While such questions enable the show to encompass a diverse range of mediums and interests, it ultimately falls short in attempting to mirror this transition seamlessly. With the art of so many practitioners in tandem, some of the works in the show speak to the thematic and to one another, while some get lost in the background. Had the scope of the exhibition been less expansive and ambitious, the individual artists would have been able to shine better rather than become overwhelmed by the volume of works.

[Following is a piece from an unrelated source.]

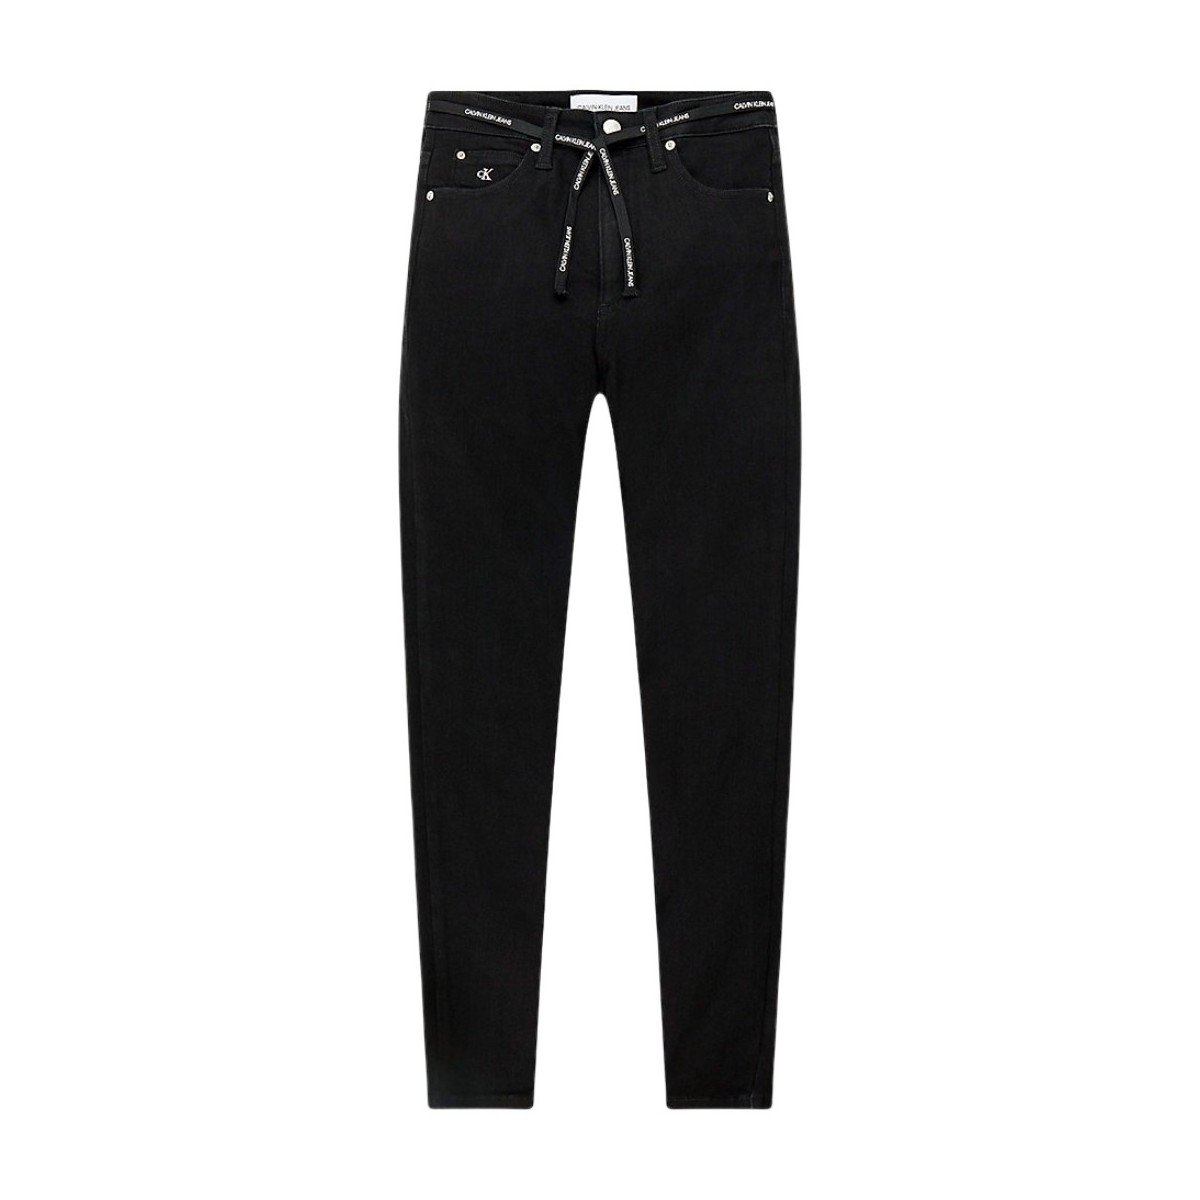 Vêtements Femme Maillots / Shorts de bain Calvin Klein Jeans Jean  Ref 53666 1BY Noir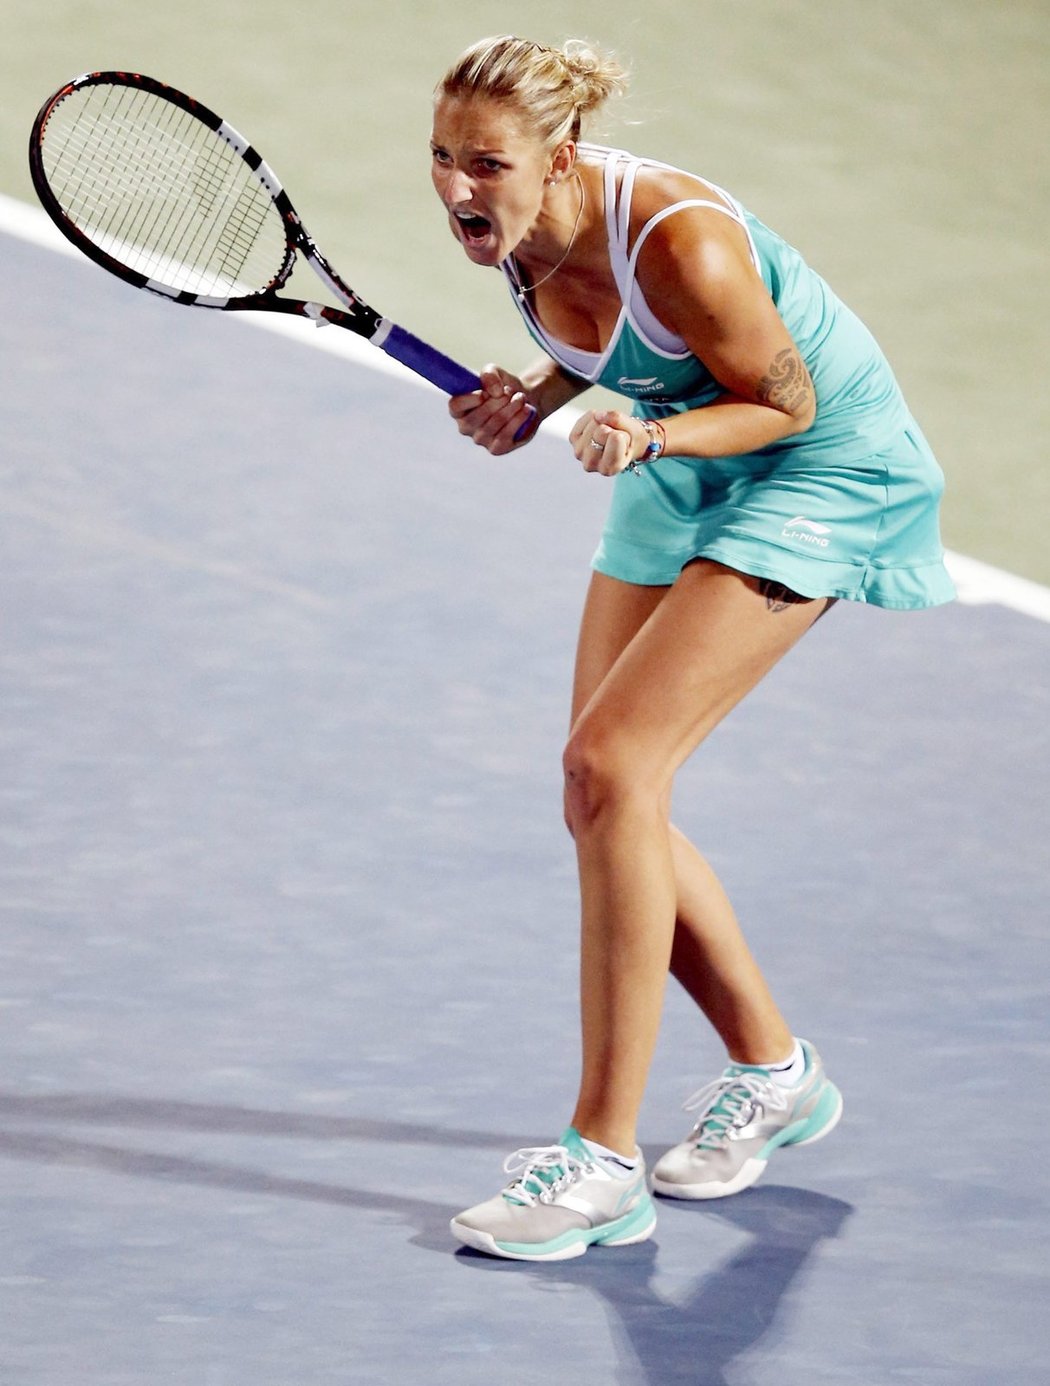 Česká tenistka Karolína Plíšková po postupu do svého osmého finále WTA v kariéře

In negotiating the world contained by the pandemic, Moumita Basak and Rinku Choudhary capture tinynarrativesof solitude and solidarity experienced by women in their embroidery and mixed media works respectively. Agrarian solidarities are layered and emphasized in Kumar Misal’s woodcuts on handmade paper, and these also speak to Chandan Bez Baruah and Brojeswar Mondal’s ecological concerns in the form of dense and abstract renderings of the world around them. Shubham Kumar resists the world within and without in his series of images of windows that neither reveal the outside recognizably, nor shed any light on the context of the inside. Ciby Samuel’s theologically inspired figures in watercolours stand alongside and in contrast to Abin Sreedharan KP’s watercolours of scientific instruments and measuring tools. Abhishek Dodiya’s metal sculptures reference the vertical density of settlements in urban areas and stands in contrast to the horizontal landscape of Viswanath Kutum’s languid celebration in a rural setting.

Given that the gallery was formed shortly before the pandemic, one recognizes its role in supporting young artists and giving them a chance to display their current practice. Yet there is not (and cannot be) much coherence within the narrative of the show itself, given the wide range of experiences it hopes to cover.